TensorFlow Datasets Library
Introduction
The TensorFlow Datasets (TFDS) library is an essential tool for machine learning practitioners that provides a collection of ready-to-use datasets for building, training, and evaluating machine learning models. It eliminates the need for manually downloading, extracting, and preprocessing data, which can be time-consuming and error-prone. TFDS handles all these steps automatically, allowing you to focus on model development rather than data preparation.
In this guide, we'll explore how to use TensorFlow Datasets to:
- Load popular datasets with just a few lines of code
- Explore and understand dataset structure
- Preprocess and transform datasets for training
- Create custom datasets when needed
Getting Started with TensorFlow Datasets
Installation
Before we begin, let's make sure TensorFlow Datasets is installed:
pip install tensorflow tensorflow-datasets
Basic Usage
Let's start with a simple example of loading a dataset:
import tensorflow as tf
import tensorflow_datasets as tfds
# Load the MNIST dataset
mnist_dataset = tfds.load(name="mnist", split="train")
# Convert the dataset to a format suitable for training
mnist_dataset = mnist_dataset.map(lambda example: (example['image'], example['label']))
mnist_dataset = mnist_dataset.batch(32)
# Iterate through the dataset
for images, labels in mnist_dataset.take(1):
print(f"Batch shape: {images.shape}")
print(f"Labels shape: {labels.shape}")
Output:
Batch shape: (32, 28, 28, 1)
Labels shape: (32,)
In this example, we loaded the MNIST dataset, which contains 28x28 grayscale images of handwritten digits, and prepared it for training by batching the data.
Exploring Available Datasets
TFDS provides access to hundreds of datasets across various domains like computer vision, natural language processing, audio processing, and more.

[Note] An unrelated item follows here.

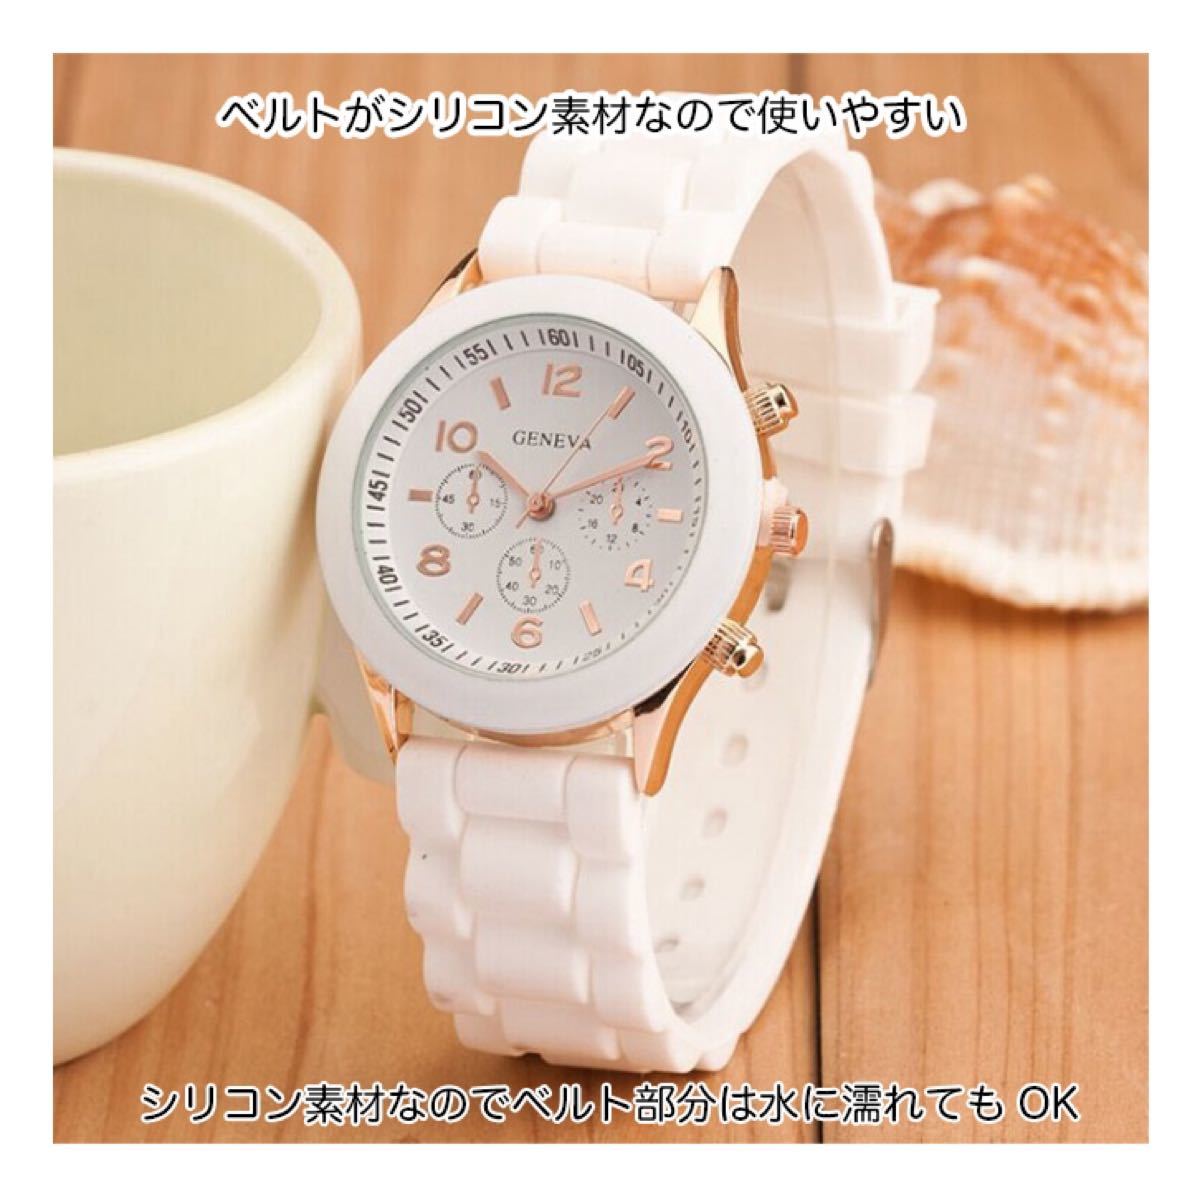 で税込み送料無料 シリコンウォッチ 腕時計 うで時計 Watch 白 ホワイト お洒落 可愛い 合わせやすい カジュアル シンプル プレゼント フォルテ送料無料 ファッション 腕時計 アクセサリー Ekumudini Com

Listing Available Datasets
You can see all available datasets with:
import tensorflow_datasets as tfds
# List all available datasets
all_datasets = tfds.list_builders()
print(f"Total number of datasets: {len(all_datasets)}")
print(f"First 10 datasets: {all_datasets[:10]}")
Output:
Total number of datasets: 287
First 10 datasets: ['abstract_reasoning', 'aeslc', 'aflw2k3d', 'air_quality', 'amazon_us_reviews', 'animated_knots', 'answer_equivalence', 'aqua', 'arc', 'bair_robot_pushing_small']
Getting Dataset Information
To get more information about a specific dataset:
import tensorflow_datasets as tfds
# Get info about the CIFAR-10 dataset
cifar_info = tfds.builder("cifar10").info
print(f"Name: {cifar_info.name}")
print(f"Description: {cifar_info.description[:150]}...")
print(f"Number of classes: {cifar_info.features['label'].num_classes}")
print(f"Class names: {cifar_info.features['label'].names}")
print(f"Training examples: {cifar_info.splits['train'].num_examples}")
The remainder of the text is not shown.